# Description of the task
Transcribe only what runs from the line containing "Black plain t-shirt" through the final line below, exactly, and leave every picture out.

# Source material
——
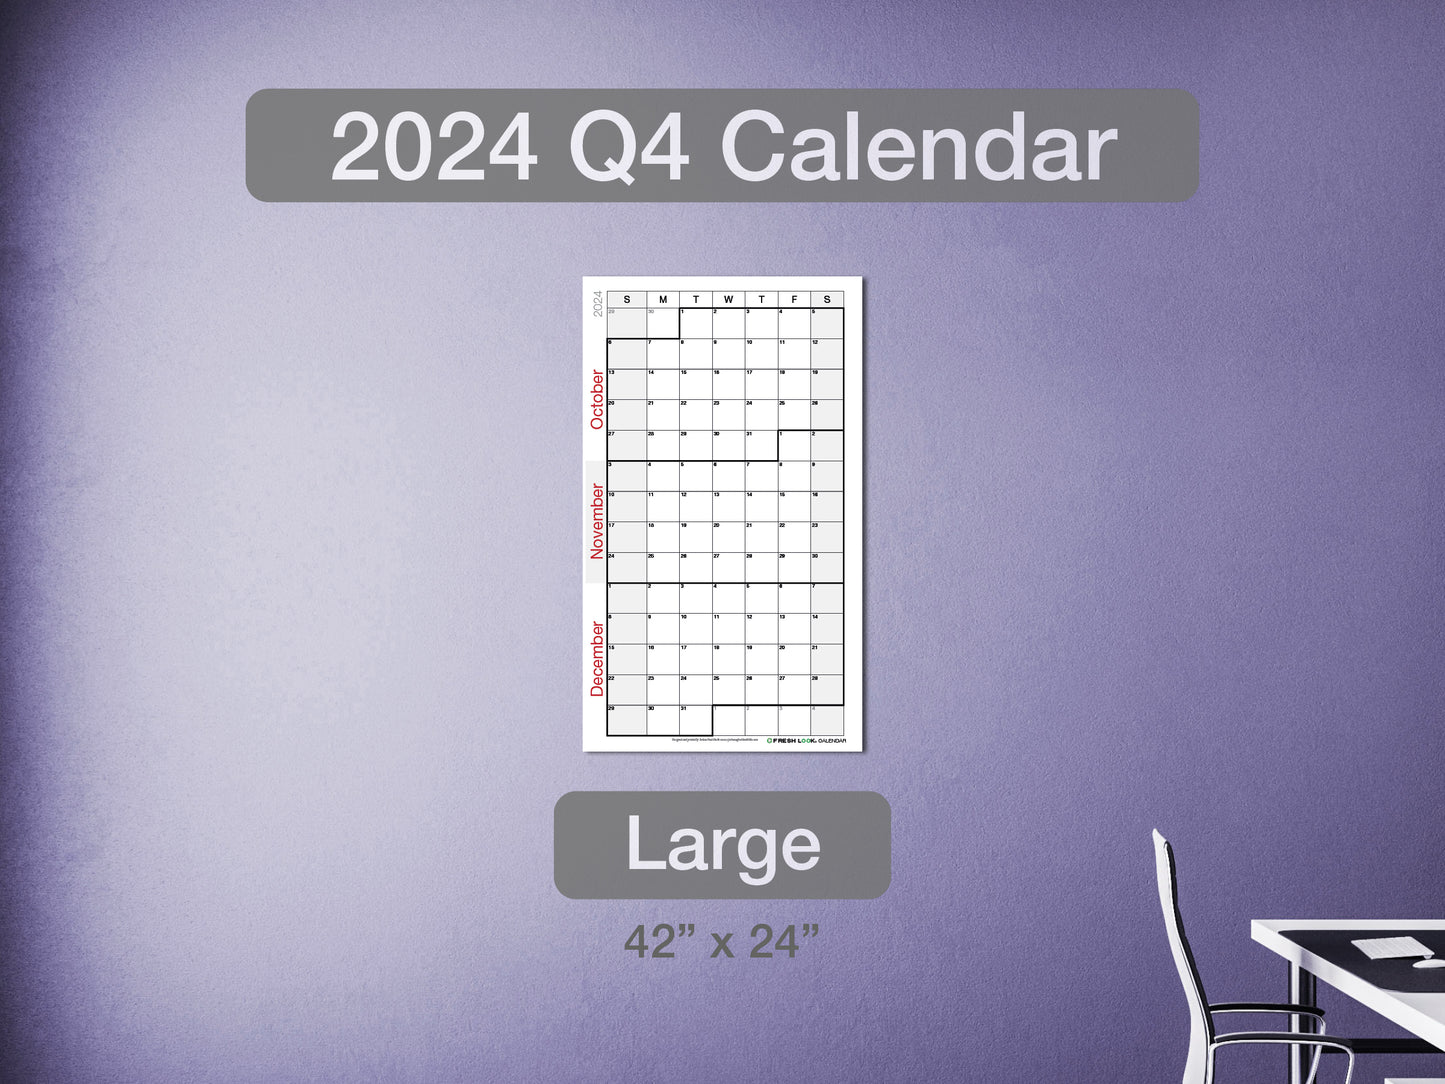 2024 Q4 Calendar Large
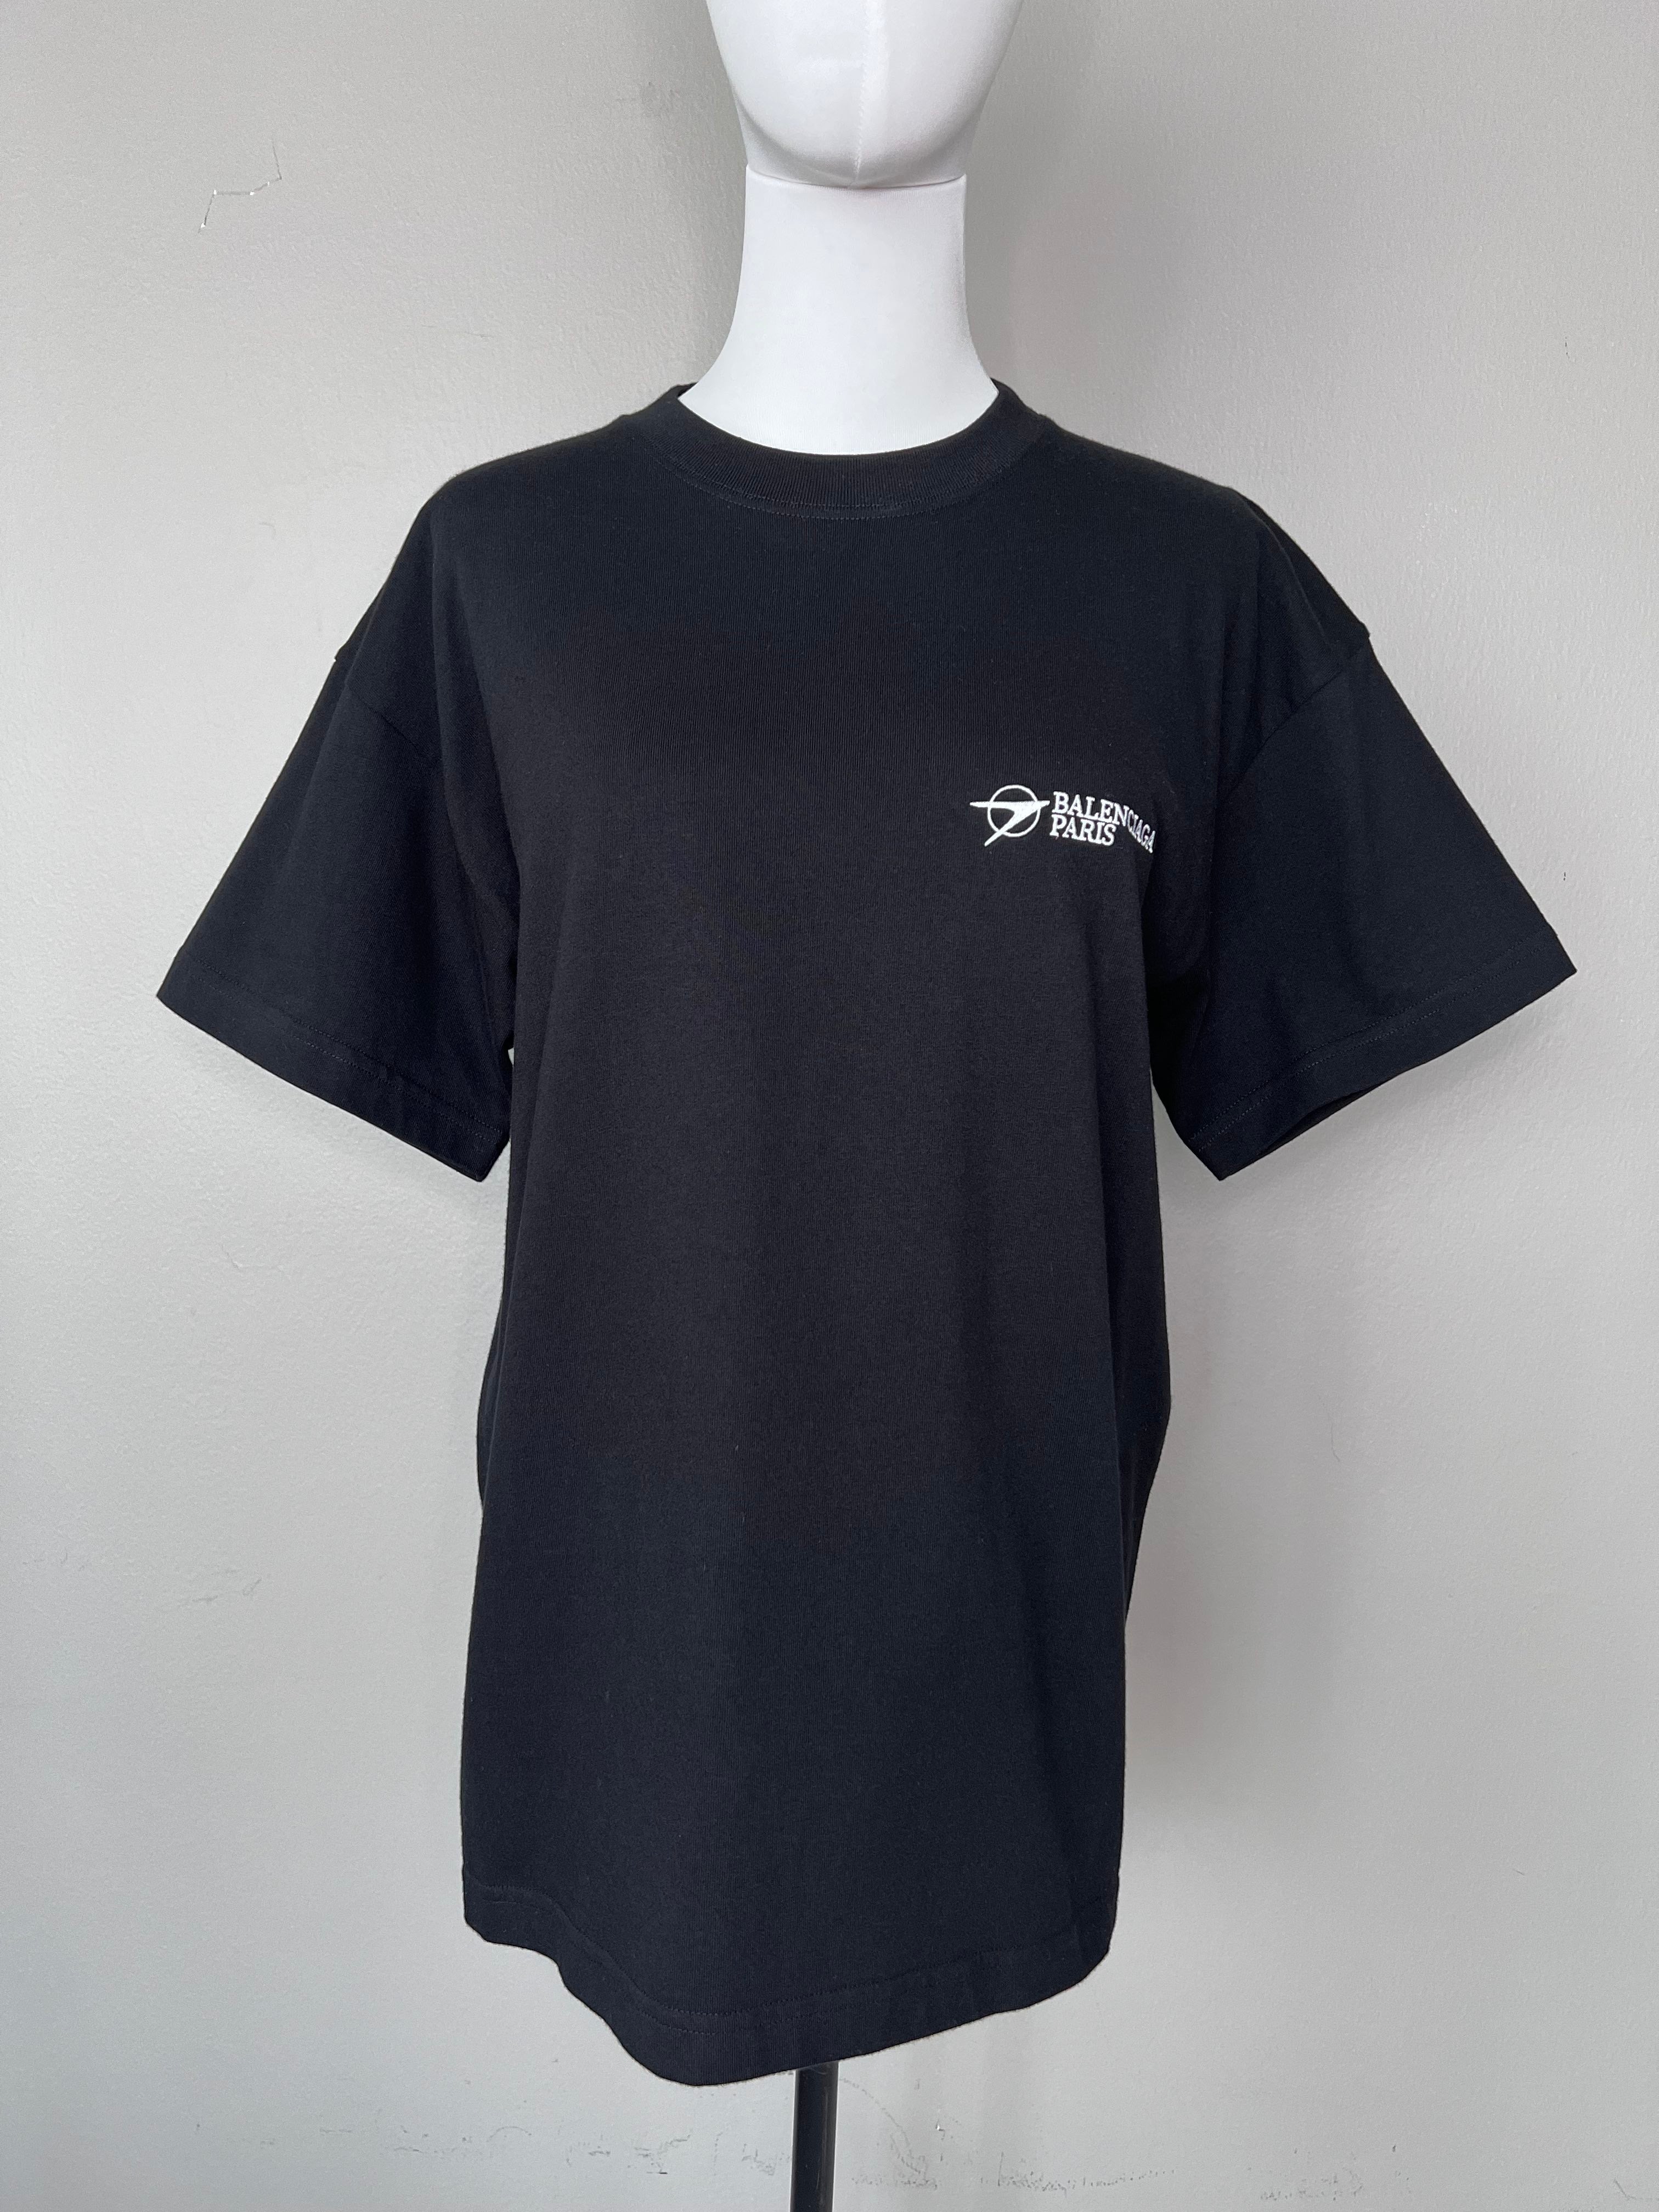 Black plain t-shirt with logo across back - BALENCIAGA
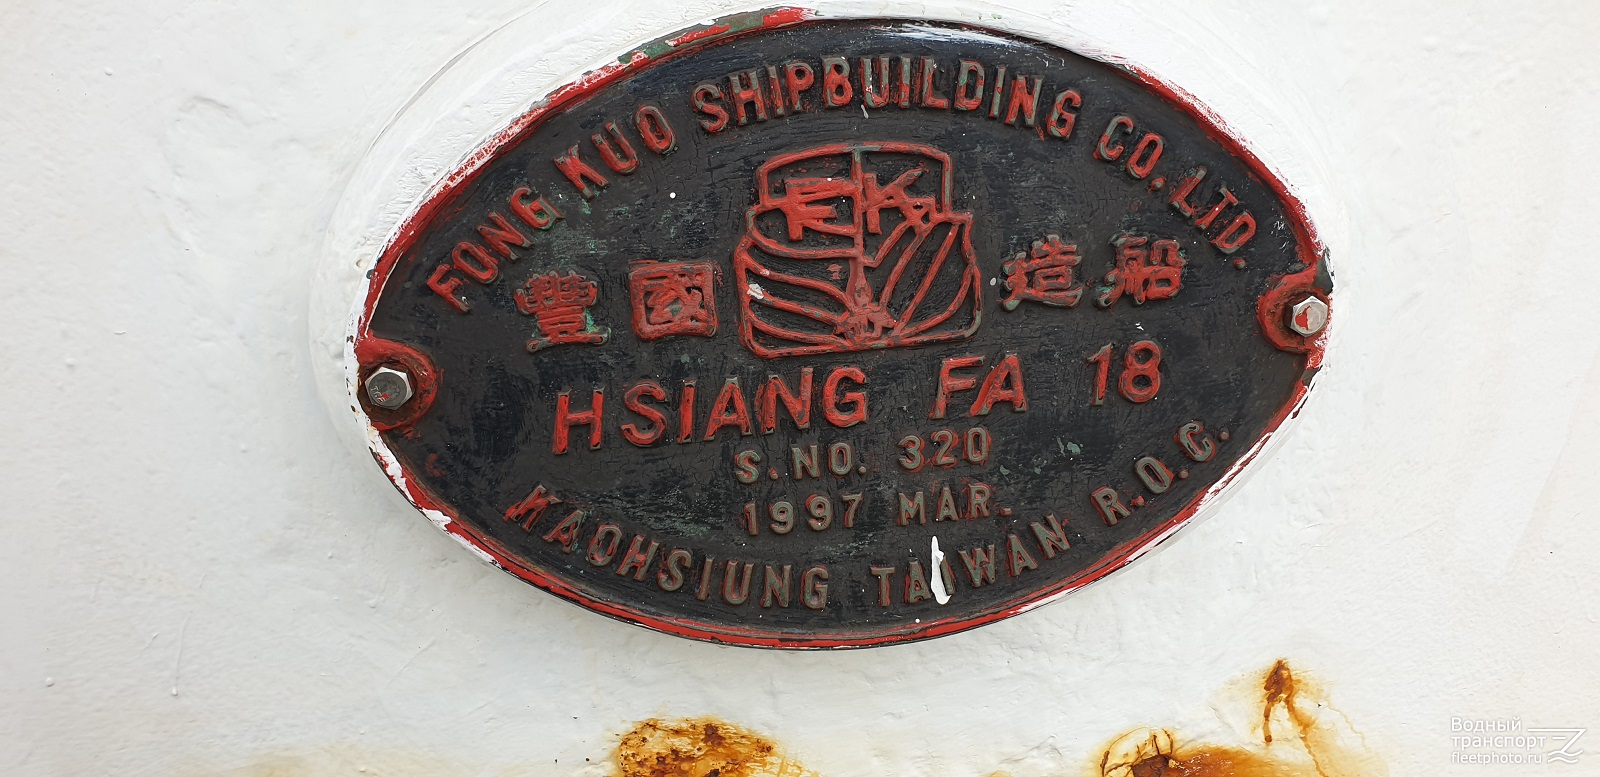 Hsiang Fa No. 18. Закладные доски и заводские таблички
——
# Worked solution
 Black plain t-shirt with logo across back - BALENCIAGA
 Hsiang Fa No. 18. Закладные доски и заводские таблички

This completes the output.